General information
- Type: Single seat sports aircraft
- National origin: France
- Designer: José Pocino
- Number built: 1

History
- First flight: 6 November 1989

= Pocino PJ.1A =

Single-engined pusher aircraft

The Pocino PJ.1A Toucan is a French, single seat, twin boom light aircraft of pusher configuration which first flew in 1989. The single example remained active until at least 2007.

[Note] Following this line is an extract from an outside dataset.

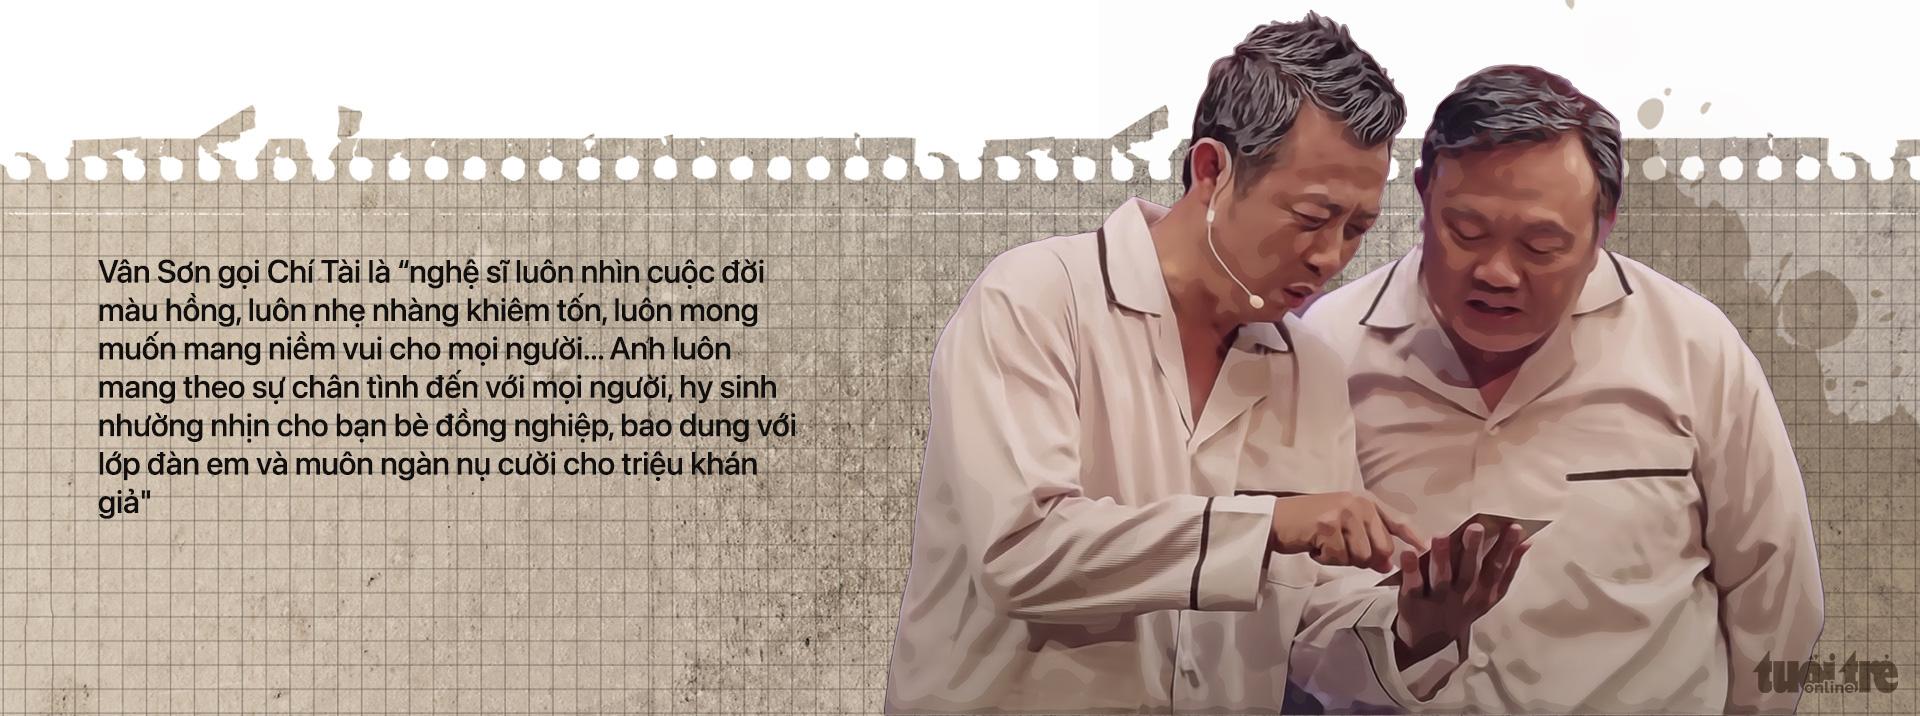 Chí Tài: Nghệ sĩ của mọi nhà - Ảnh 4.

==Design and development==

José Pocino's Toucan has a pod style fuselage with the pilot enclosed under a single piece canopy that continues the fuselage profile. The pilot's seat is ahead of the wing leading edge, with the pusher engine behind it. For its first flight the Toucan was powered by a Hirth two cylinder, two stroke engine, completely enclosed within the fuselage but this was soon replaced by a 51 hp Rotax 503.2V engine of similar configuration, driving a three rather than two-bladed propeller. The engine change led to a slightly revised engine cowling and a decreased area of the cockpit transparency. A fixed tricycle undercarriage is mounted on the fuselage. Initially the main wheel legs were braced but have been replaced with cantilevers.

The Toucan's wing is straight edged, of constant chord and square tipped, set low on the fuselage. There is some dihedral outboard of a brief centre section. From the wing roots two slender beams extend rearwards to cropped triangular fins, linked by a straight edged tailplane at about one third fin height. The unbalanced rudders are rectangular.

The Toucan first flew on 6 November 1989, powered by the Hirth engine, and received its Certificate of Airworthiness on 9 December 1991. It flew at the RSA rallies in 2006 and 2007 and remains on the French Civil Aircraft Register in 2014.